PROVIDED RECORDS ->

☆ ☆ ☆ ☆ ☆ ☆ ☆

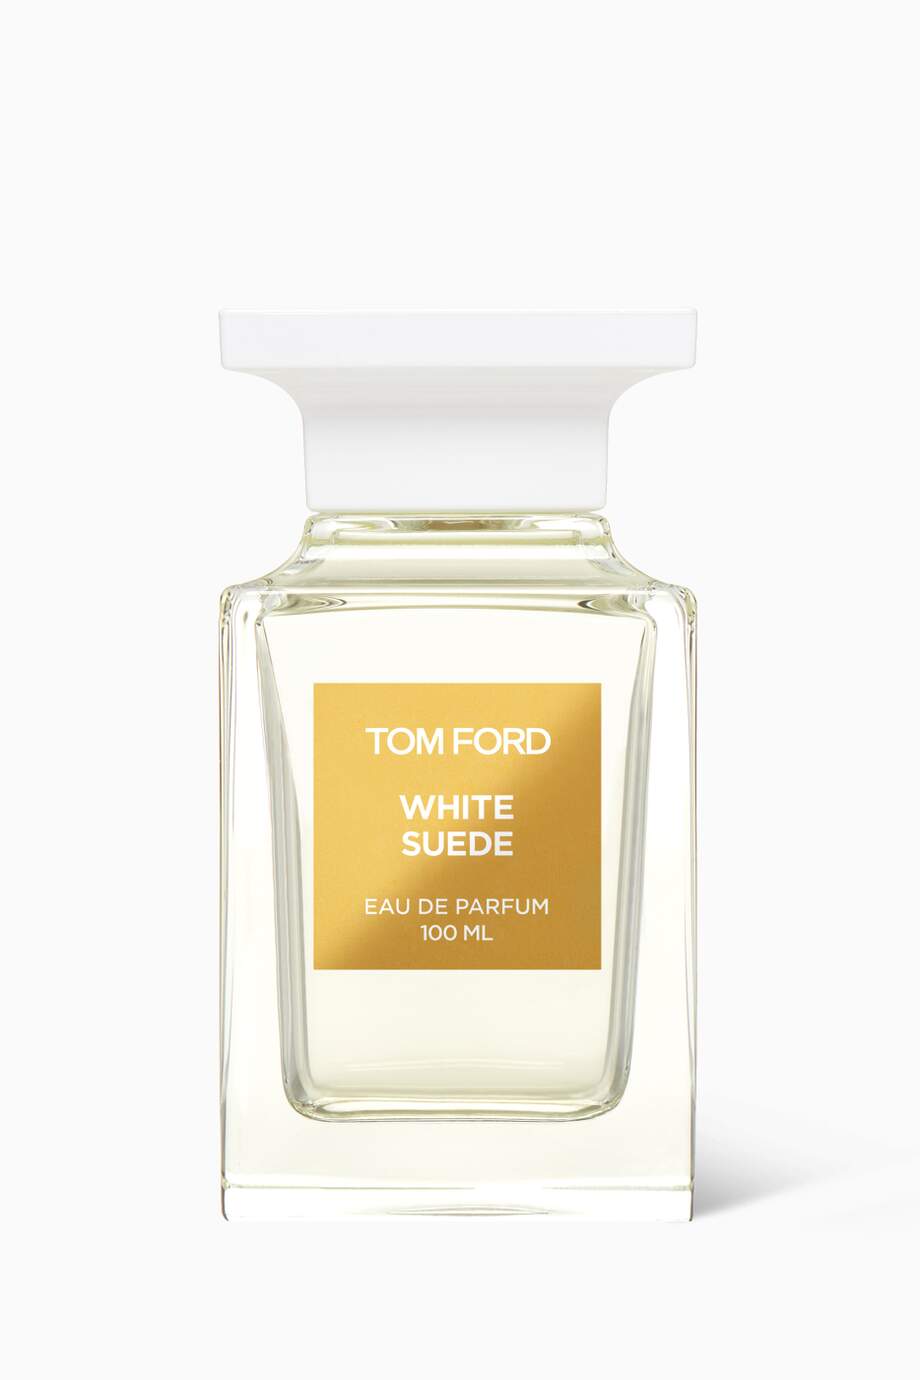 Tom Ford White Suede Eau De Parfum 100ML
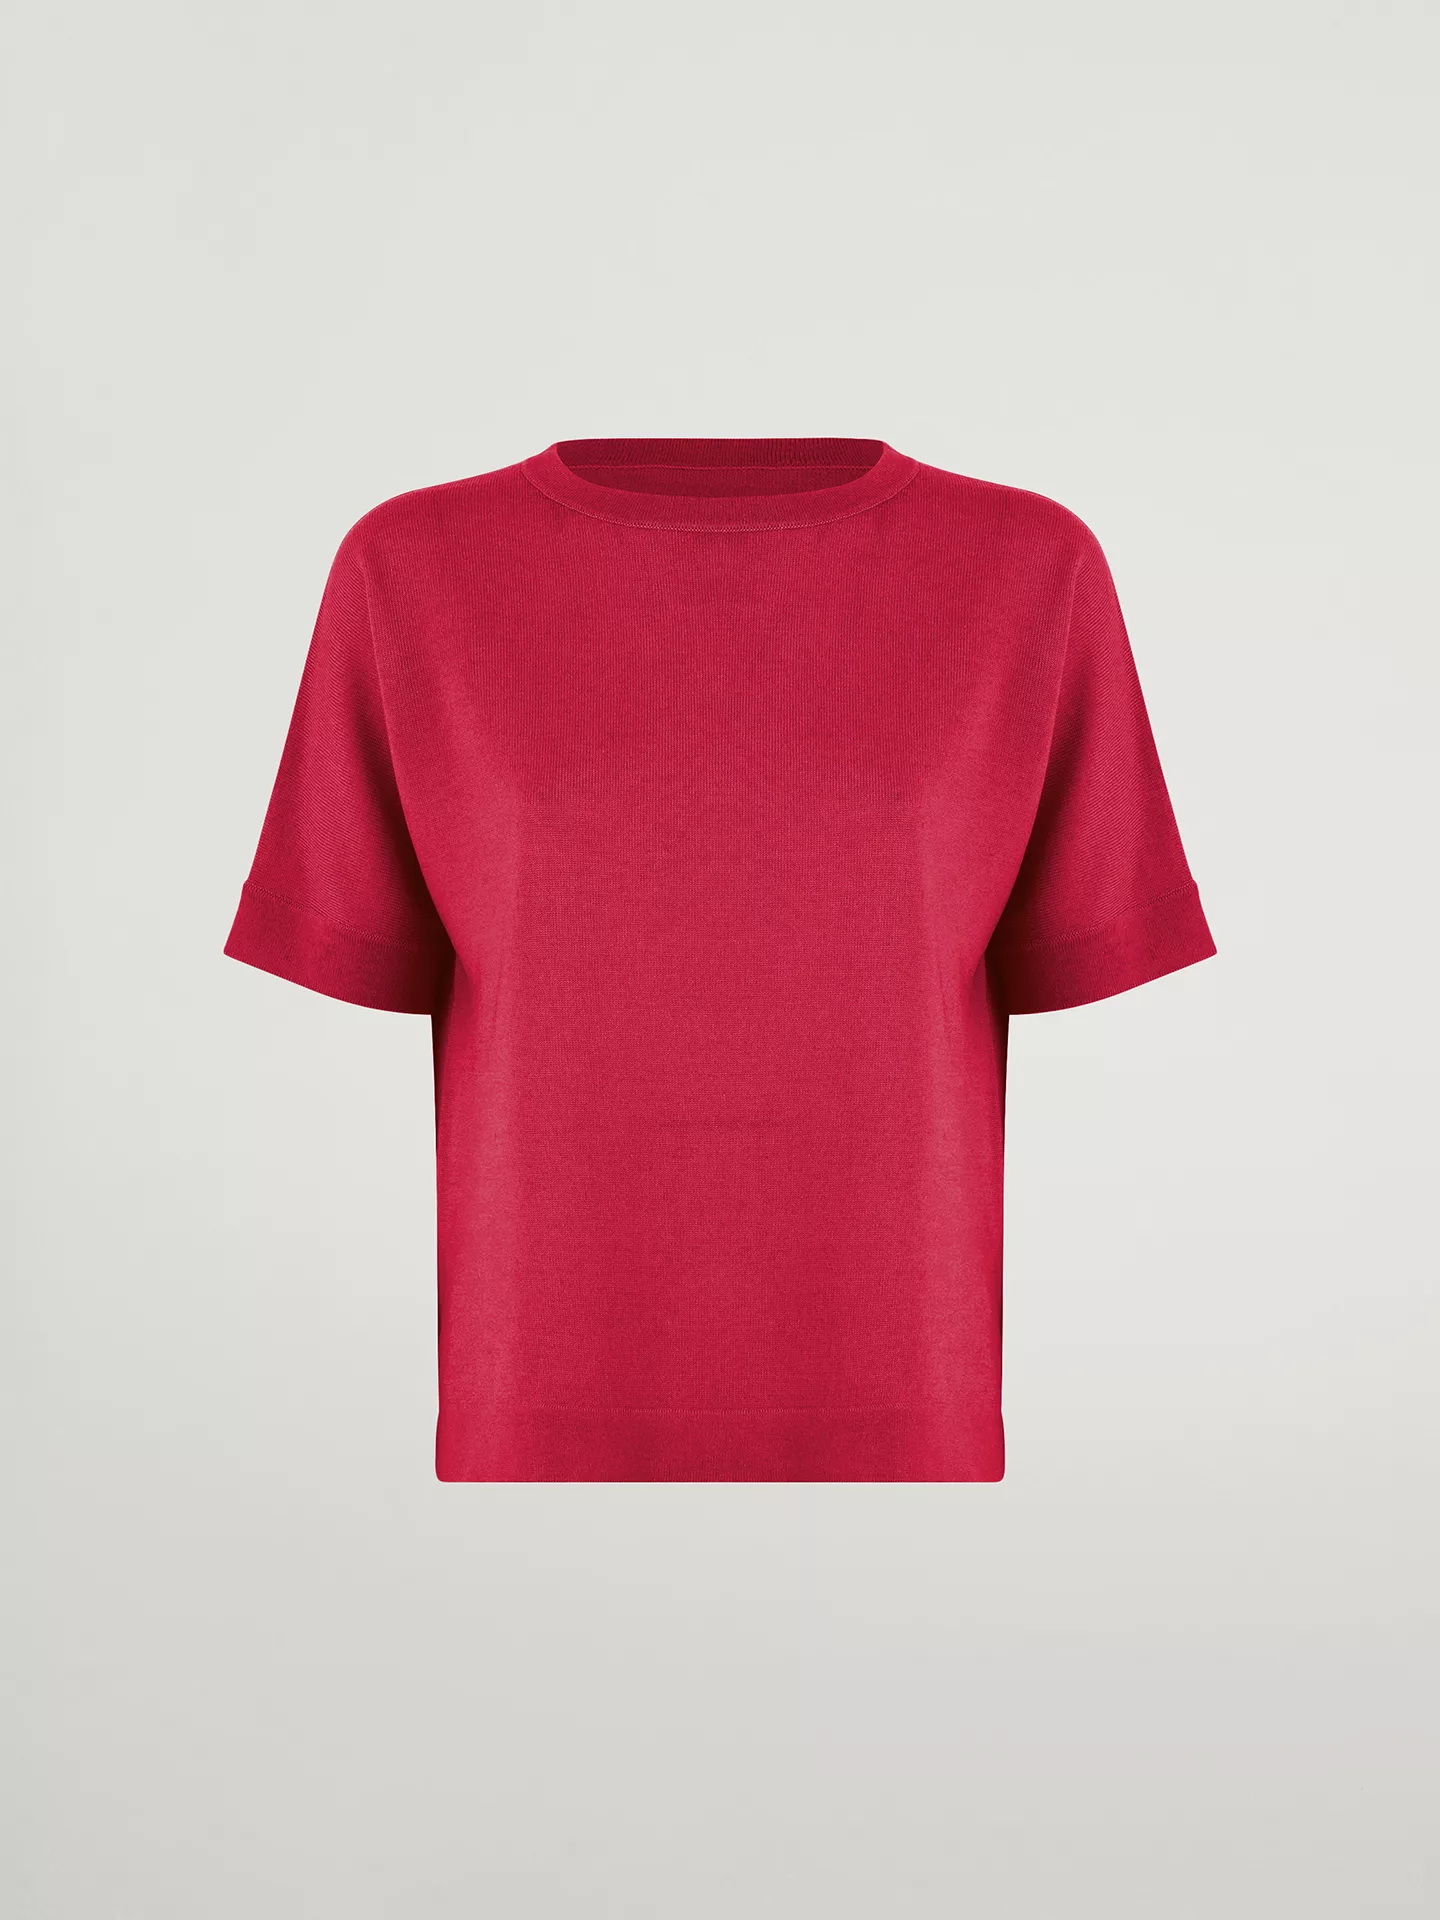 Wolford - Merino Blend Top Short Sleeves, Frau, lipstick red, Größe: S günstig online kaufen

☆ ☆ ☆ ☆ ☆ ☆ ☆

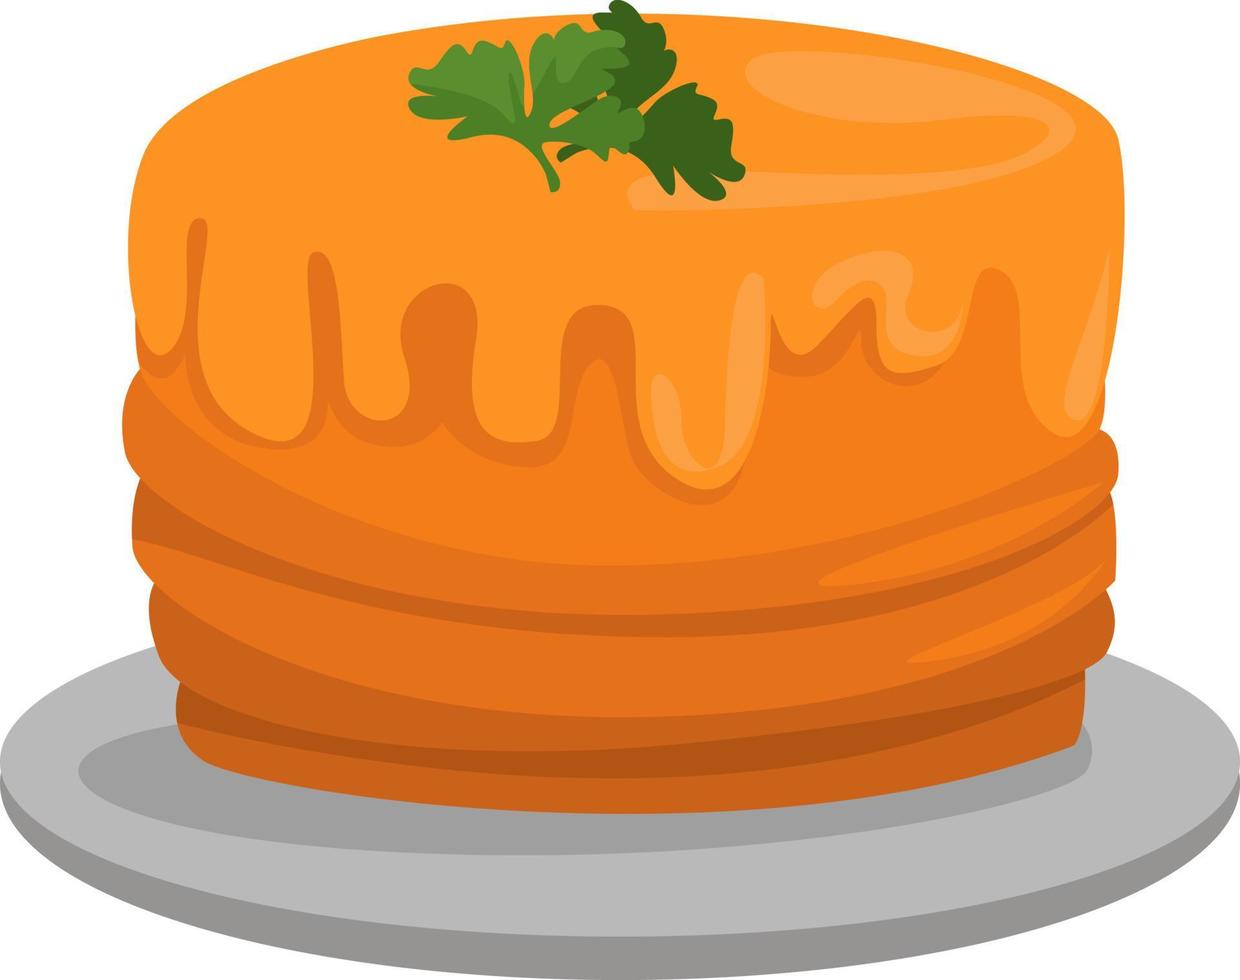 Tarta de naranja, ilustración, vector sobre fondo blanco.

☆ ☆ ☆ ☆ ☆ ☆ ☆

YOUR ASSIGNMENT -> Set down, exactly as written above, each line from the one with "Tom Ford White Suede Eau De Parfum 100ML" through the one with "Wolford - Merino", and skip the pictures.

THE COMPLETED TASK ->
 Tom Ford White Suede Eau De Parfum 100ML
 Wolford - Merino Blend Top Short Sleeves, Frau, lipstick red, Größe: S günstig online kaufen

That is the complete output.